§ Problem details:
Only the lines from the line containing "Affichages : 148" through the final line of the entries should be printed, exactly as given, with the pictures left out.

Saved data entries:
......

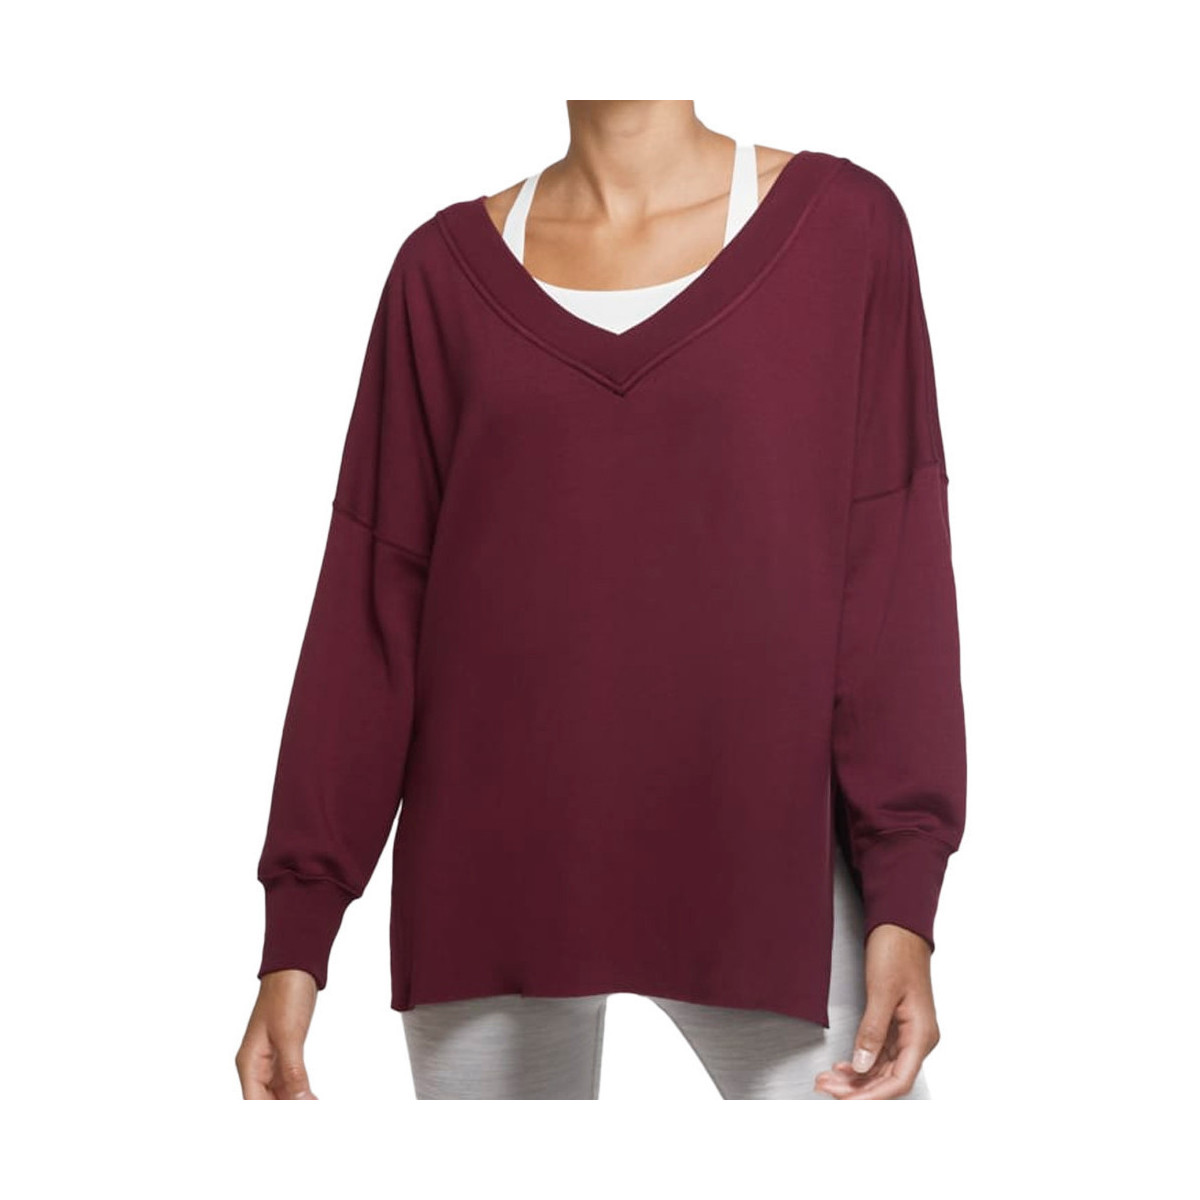 Textiel Dames Sweaters / Sweatshirts Nike  Rood
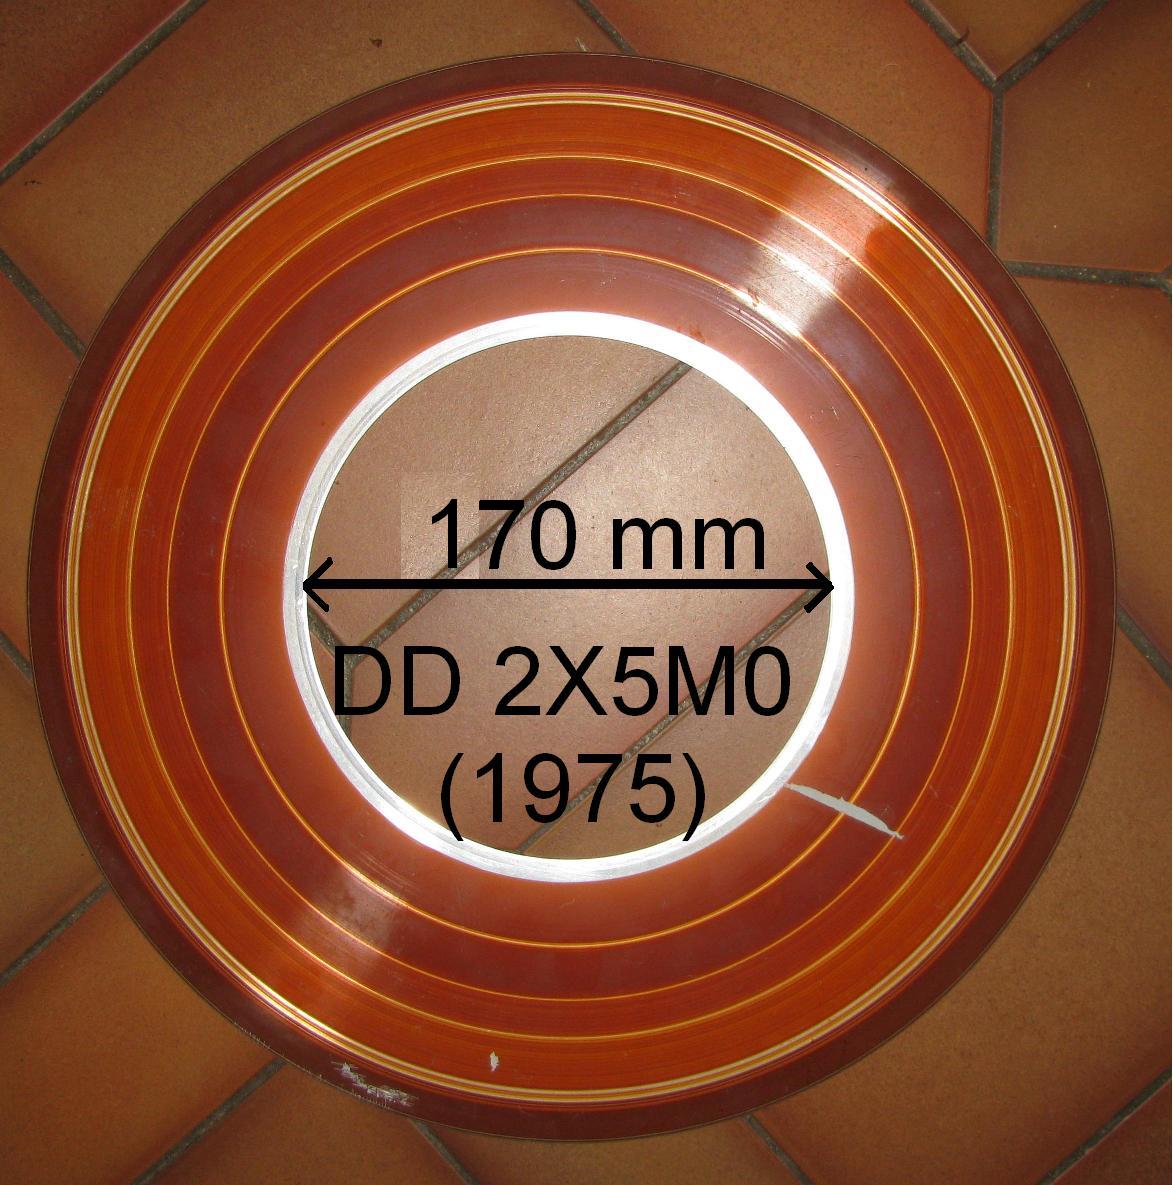 Nom : disque dur 1975 2x5Mo.JPG
Affichages : 148
Taille : 192,8 Ko
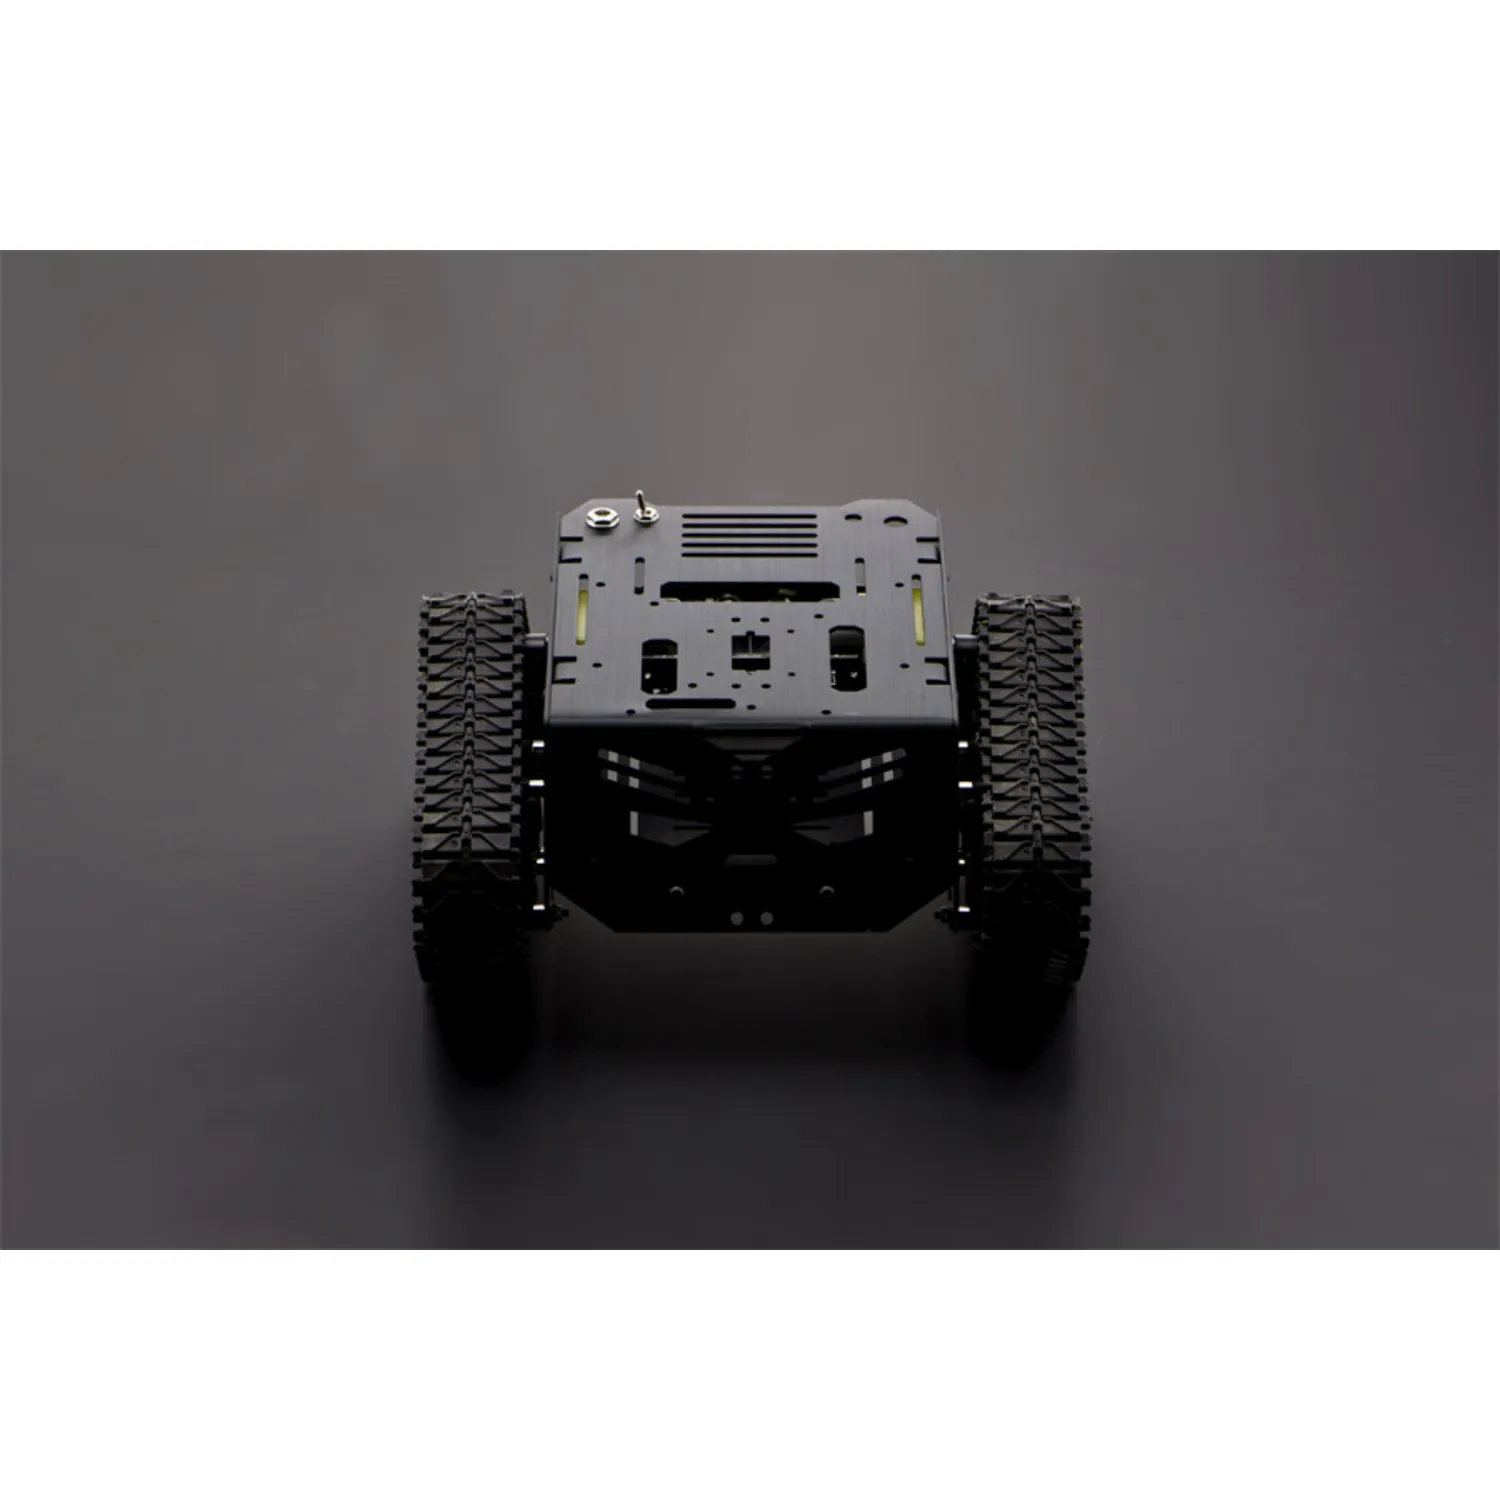 Photo of Devastator Tank Mobile Robot Platform

......

§ Written response:
Affichages : 148
Taille : 192,8 Ko
 Photo of Devastator Tank Mobile Robot Platform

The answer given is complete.